Когда мы вошли, дядя Эм сразу приглушил радио.

– Вы что, глухие? – раздраженно спросил я.

Кэри и Эстелла оторвались друг от друга, и Кэри радостно воскликнул:

– А вот и Отважные Охотники!11 Что будем пить? У нас есть виски.

Я заявил, что пока не хочу пить, а дядя Эм склонялся к тому, чтобы выпить каплю виски. Бутылка стояла на столе, и он налил себе полстакана.

– Эм, у меня есть идея по поводу нового номера – буду работать со специальной колодой. Мне нужно, чтобы ты помог мне сделать рекламу, – сказал Кэри.

Он заложил правую руку в карман, а левой выбросил колоду карт. Затем они сели с дядей Эмом за стол друг против друга, и Кэри начал объяснять, в чем состоял фокус. Кажется, речь шла о каком-то мексиканском шулерском приеме. Но мы с Эстеллой ничего не поняли.

По радио передавали недурную музыку. Играл маленький оркестр с чудным контрабасистом. Я немного увеличил звук и протянул руку Эстелле, приглашая ее потанцевать. Она замотала головой:

– Нет, Эдди, я больше не танцую.

Меня это не обескуражило; мне вовсе не хотелось танцевать. Я сел, а Эстелла взобралась ко мне на колени. «Опять началось», – подумал я. Hо теперь мы были под прикрытием: присутствие дяди Эма и Кэри несколько оправдывало наше поведение. Я улыбнулся и сказал:

– Дядя Эм, ты бы последил за мной, а то я наделаю глупостей.

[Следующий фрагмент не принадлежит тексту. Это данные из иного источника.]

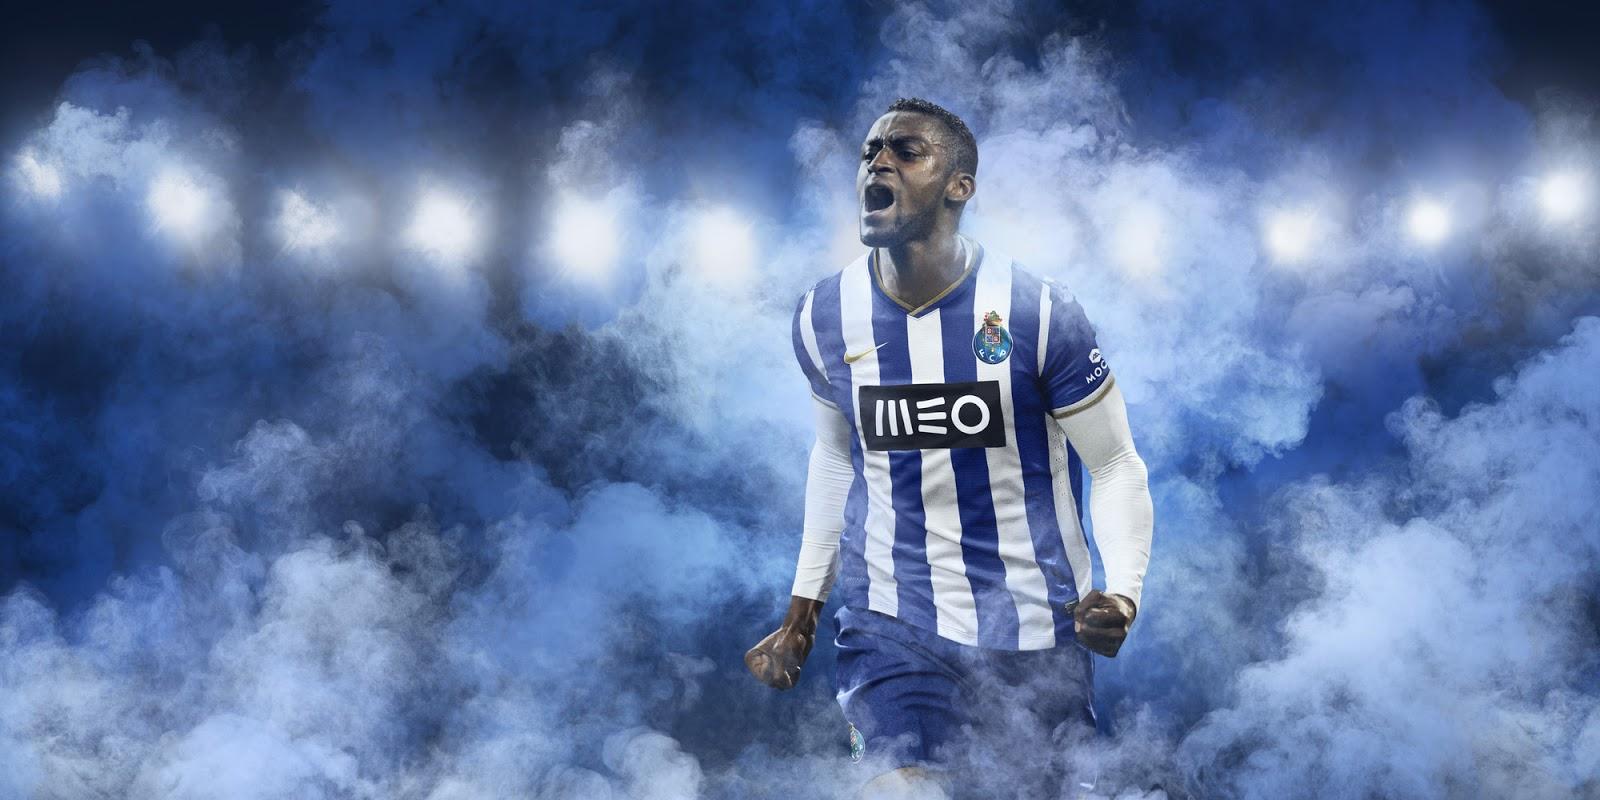 Porto 13 14 2013 14 heim und ausw rtstrikots released nur fussball - Portugiesische mobel ...

Эстелла расхохоталась. Дядя Эм глянул через плечо и пробурчал:

– Бог не оставит тебя своей милостью, И он опять повернулся к Ли Кэри.

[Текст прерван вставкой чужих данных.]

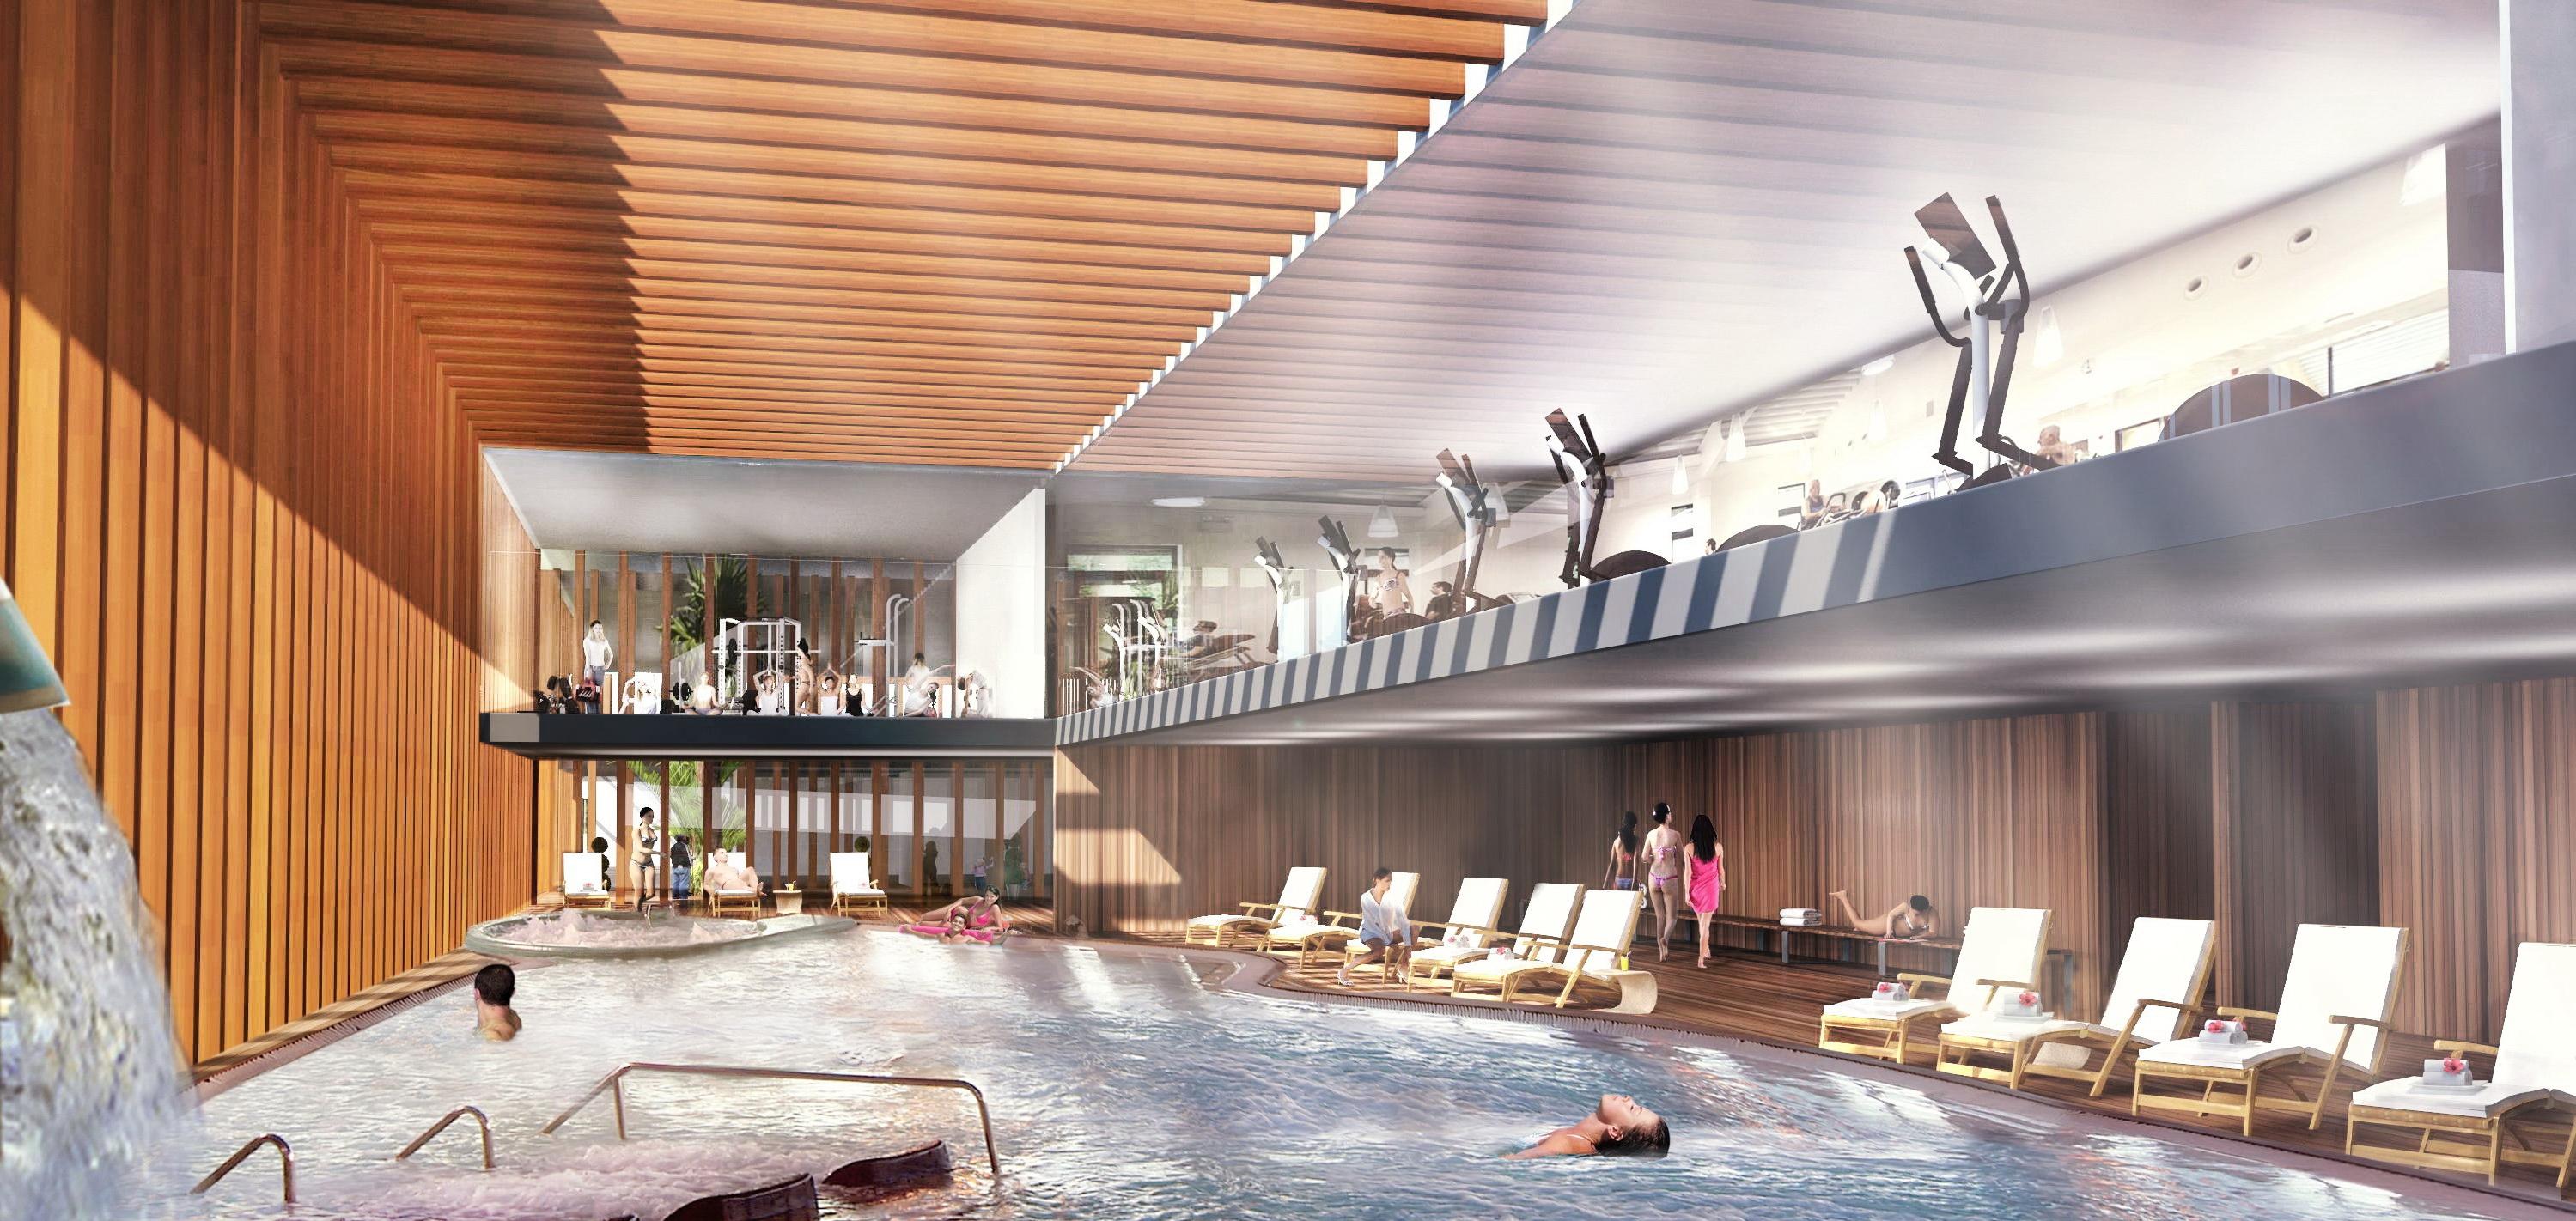 SPORT - Spa-Wellness Center - Rio de Janeiro, Brazil

– Передай-ка мне бутылку! – попросила Эстелла.

Мы с ней налили себе немного виски и выпили. «А виски-то дрянь», – подумал я. Оно было слишком крепким и драло горло..

– Мне кажется, что я немного опьянела, – заявила Эстелла. – Тебе это совсем не кажется. Однако с тебя хватит, а то мне придется отнести тебя домой.

Имя «Хантер» переводится с английского как «охотник».

– Отнести меня домой, Эдди? Сейчас?

– Нет, еще не сейчас, – сказал я.

– Какой ты романтичный, Эдди! Вот почему ты мне так нравишься. И еще потому, что ты такой красивый!

– Еще одна такая шутка, и я сброшу тебя на пол!

– А потом упадешь вместе со мной, Эдди?

– Ах ты маленькая… – у меня не нашлось слов, чтобы закончить фразу. Ни одно из грубых слов, которые я знал, не подходило к Эстелле. – Ты помешалась! – сказал я.

– Ты тоже. Но мне хотелось бы, чтобы ты помешался на мне. Скажи, это виски пить можно?

– Оно довольно поганое. Поэтому злоупотреблять не стоит.

– У меня так сильно бьется сердце! Послушай! – и она положила мою руку туда, где, но ее понятиям, находилось сердце.

Я быстро убрал руку. Во рту у меня пересохло; мне пришлось сглотнуть, прежде чем выговорить:

– Прекрати это, Стелла! Пожалуйста! Я сделан не из дерева, но все-таки я…

– Ответь мне на один вопрос, Эдди. Но только честно.

– Слушаю тебя.

Она слегка откинулась и посмотрела мне прямо в глаза.

– Ты что, действительно так влюблен в эту Риту?

– Думаю, что да, – сказал я, а потом прибавил: – Не думаю, а уверен.

Она слегка вздохнула и, к моему удивлению, улыбнулась.

– Ну хорошо, Эдди, твоя взяла. Я больше не буду тебе докучать. Но мы все же будем друзьями?

– Приятелями, – уточнил я.

– Хорошо, Эдди. С этого момента мы с тобой приятели. Но сначала поцелуй меня. Только один разок.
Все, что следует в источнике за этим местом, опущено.